At their best, memes are supremely funny. Like so funny they are absolutely worth the hours we spend on Instagram, Twitter, TikTok, Facebook, Pinterest. And as the French word for same, même, might suggest, memes are best described in relation to their sameness. 

Memes have come a long way from the Forever Alone Potato and I Can Has Cheezburger. We’ve evolved past the success of baby and doge. The black-trimmed white block letters have given way to Snapchat and Instagram fonts. The fact that TikTok encourages users to duet and add themselves to a blockchain audio track makes it the biggest and baddest meme factory on the internet. Here, we’ll slowly document all the highs and milestones memes will reach in 2020.

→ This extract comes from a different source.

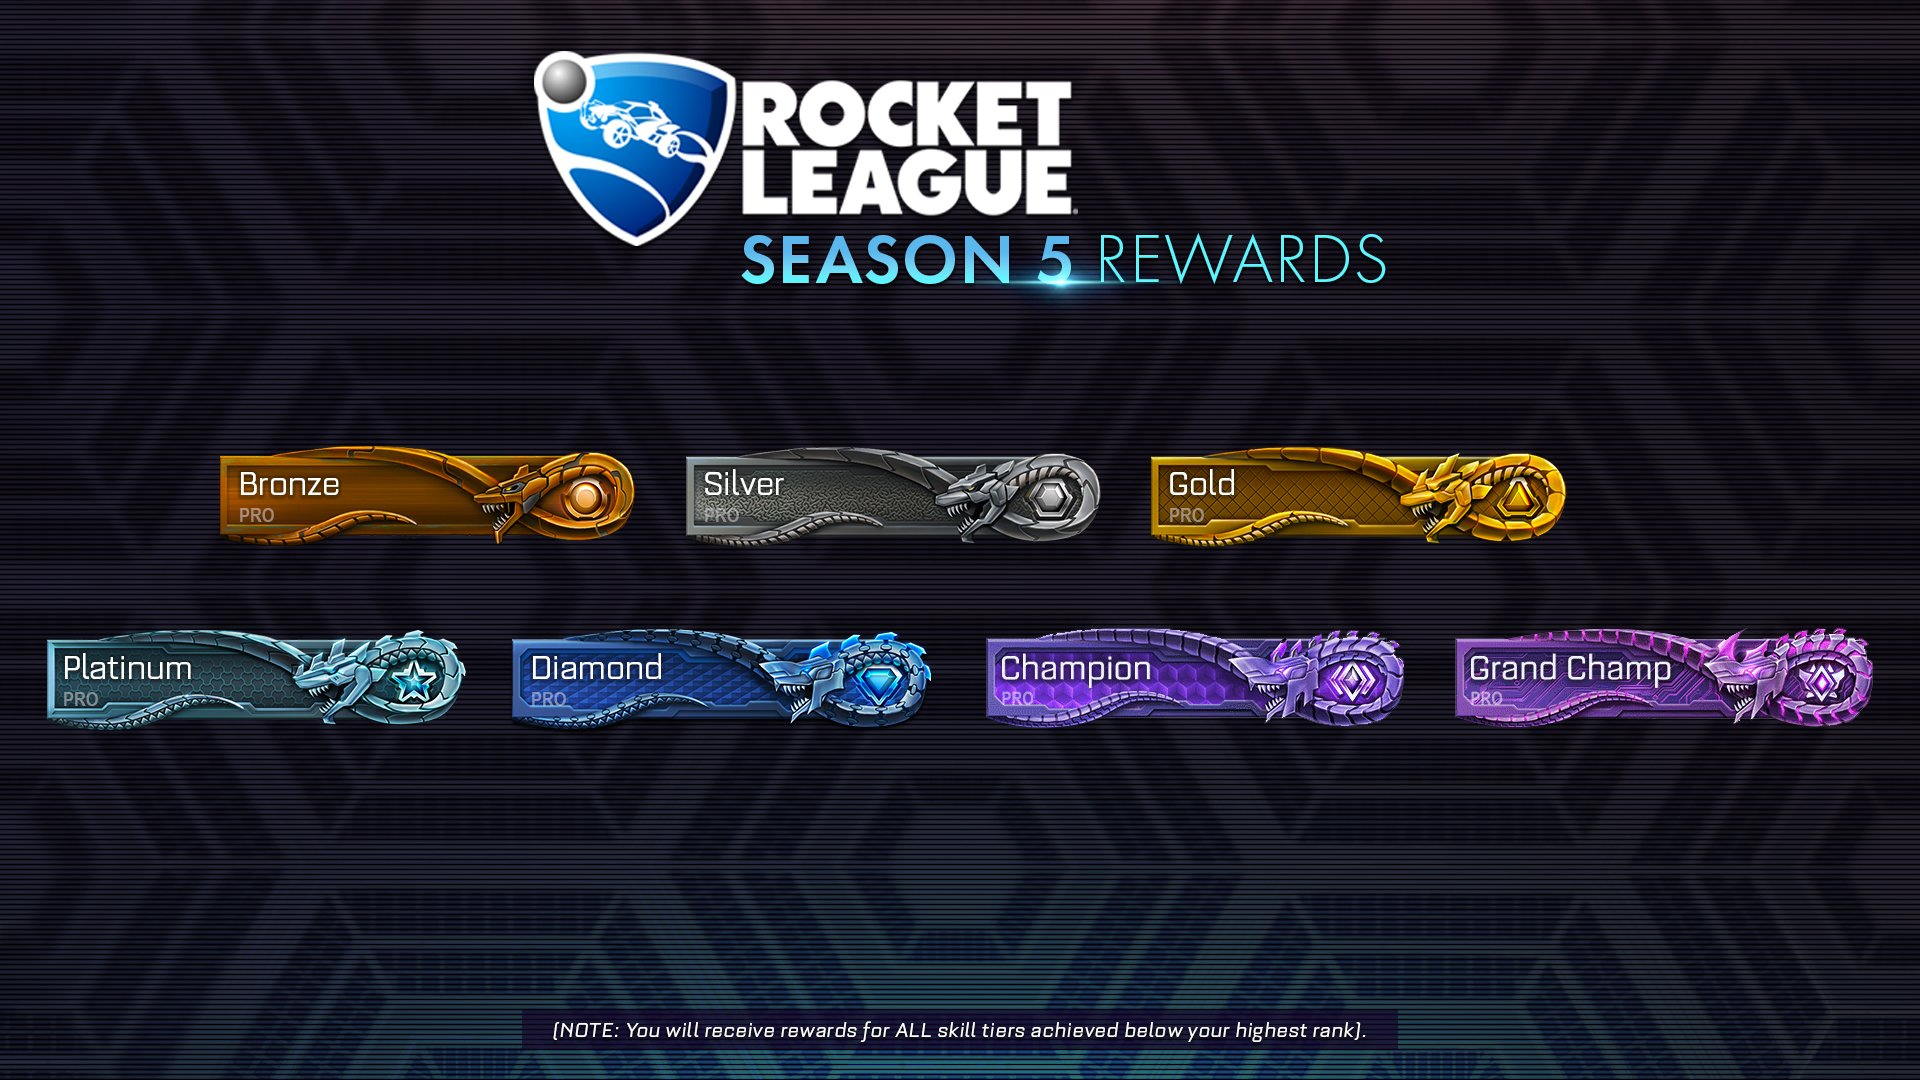 Rocket League players hated dragons, so Psyonix made ...
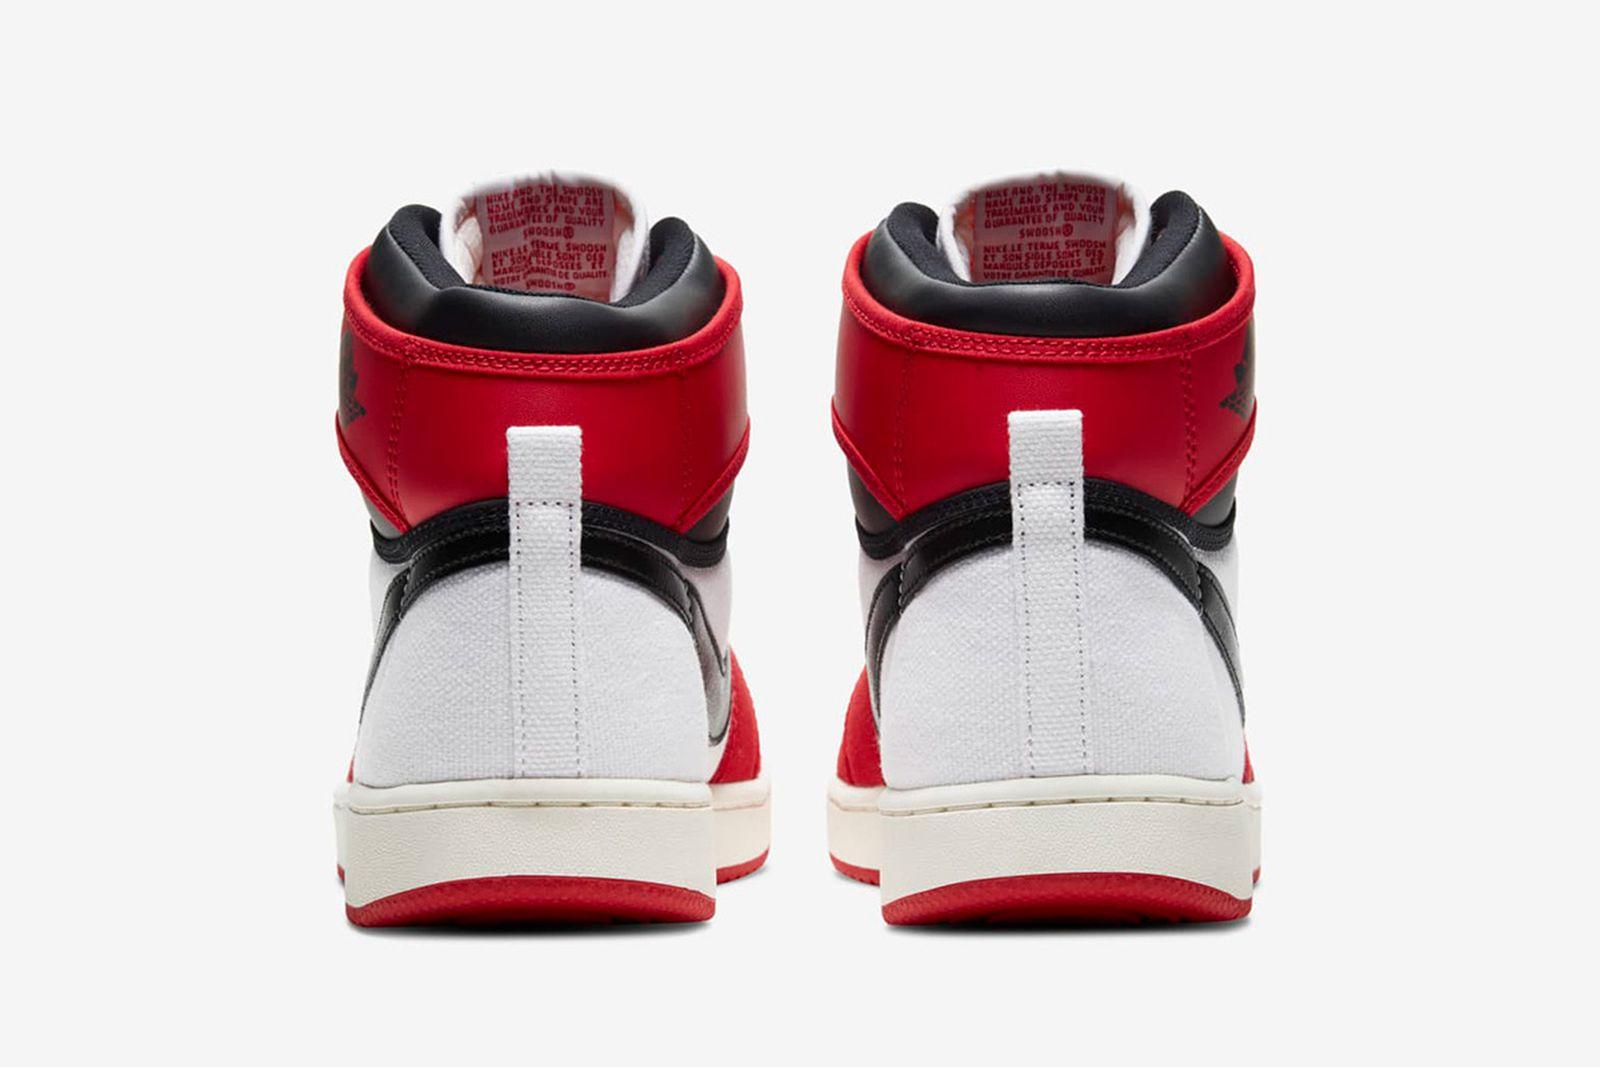 nike-air-jordan-1-ko-chicago-2021-release-date-price-02

February: Bloomberg's Memes

This is the political advertising equivalent of Steve Buscemi saying, "How do you do fellow kids?" In his bid for president, Michael Bloomberg paid an Avengers-style cohort of meme accounts to run meme-ads for his campaign. The memes followed an unflattering DM format where the Bloomberg campaign's Instagram account clumsily asks popular memers to, well, meme him.

February: Confused Billie Eilish

Ever the posterchild of Gen Z angst and indifference, Grammy-darling Billie Eilish was deeply confused during this year's Oscars. Behold the face Gen Z makes when millennials start reminiscing about Feist and landlines.

January: TikTok's Rosa 

Welcome to the Rosa Cinematic Universe. You got a dollar?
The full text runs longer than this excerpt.